First Deputy Minister of Agrarian Policy and Food of Ukraine
- In office 24 December 2012 – 27 February 2014
- Minister: Mykola Prysyazhnyuk

Personal details
- Born: 3 January 1962 (age 64) Maly Rozhyn, Kosiv Raion, Ivano-Frankivsk Oblast, Ukrainian SSR
- Education: National University of Life and Environmental Sciences of Ukraine

= Ivan Bisiuk =

Ukrainian politician

Ivan Yuriiovych Bisiuk (Іван Юрійович Бісюк) is a Ukrainian politician and veterinarian. He has held the positions of First Deputy Minister of Agrarian Policy and Food and chairman of Agrarian Party of Ukraine.

== Biography ==
Ivan Bisyuk was born January 3, 1962, in Maly Rozhyn (Kosiv Raion, Ivano-Frankivsk Oblast, Ukrainian SSR). He initially graduated from the Veterinary Faculty of the Ukrainian Agricultural Academy, and then worked as a veterinary doctor at the Sovky state farm within the Sviatoshynskyi District of Kyiv. In January 1989, he was appointed the chief veterinary doctor of Sovky. After the collapse of the Soviet Union, he headed the veterinary service for the Sviatoshynskyi District, and then in August 1994 was appointed director of the Shpytkivskyi state farm, which is also located in Sviatoshynskyi.

== Political career ==
From 2000 to 2005, he served as Head of the Pereiaslav-Khmelnytskyi Raion State Administration of Kyiv Oblast. He also entered postgraduate education for politics, as in 2003 he graduated from the National Academy for Public Administration with a specialization in "public administration". Then, from 2006 to 2007, he was Head of the State Department of Veterinary Medicine and Chief State Inspector of Veterinary Medicine, before switching in 2007 to become First Deputy Head of the Department of rCoordination of Agrarian Policy.
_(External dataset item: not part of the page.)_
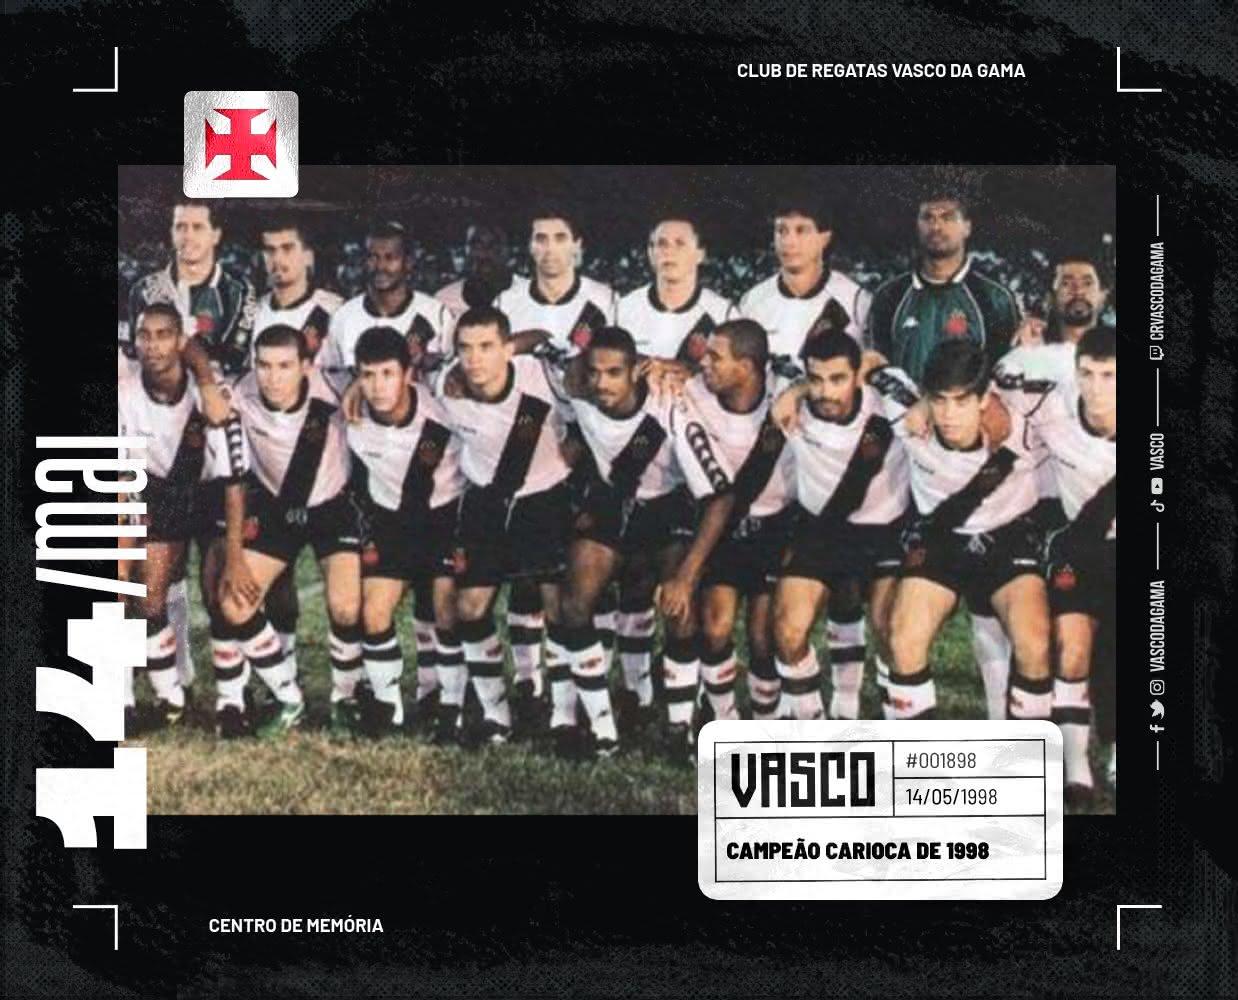 Vasco venceu o Carioca de 98 de forma invicta no centenário

By the Decree of the President of Ukraine No. 382/2012 dated June 8, 2012, he was appointed Deputy Minister of Agrarian Policy and Food of Ukraine - Chief of Staff. By the Decree of the President of Ukraine of September 12, 2012, No. 539/2012, Bisiuk was appointed First Deputy Minister of Agrarian Policy and Food of Ukraine. He held this position until July 2, 2014.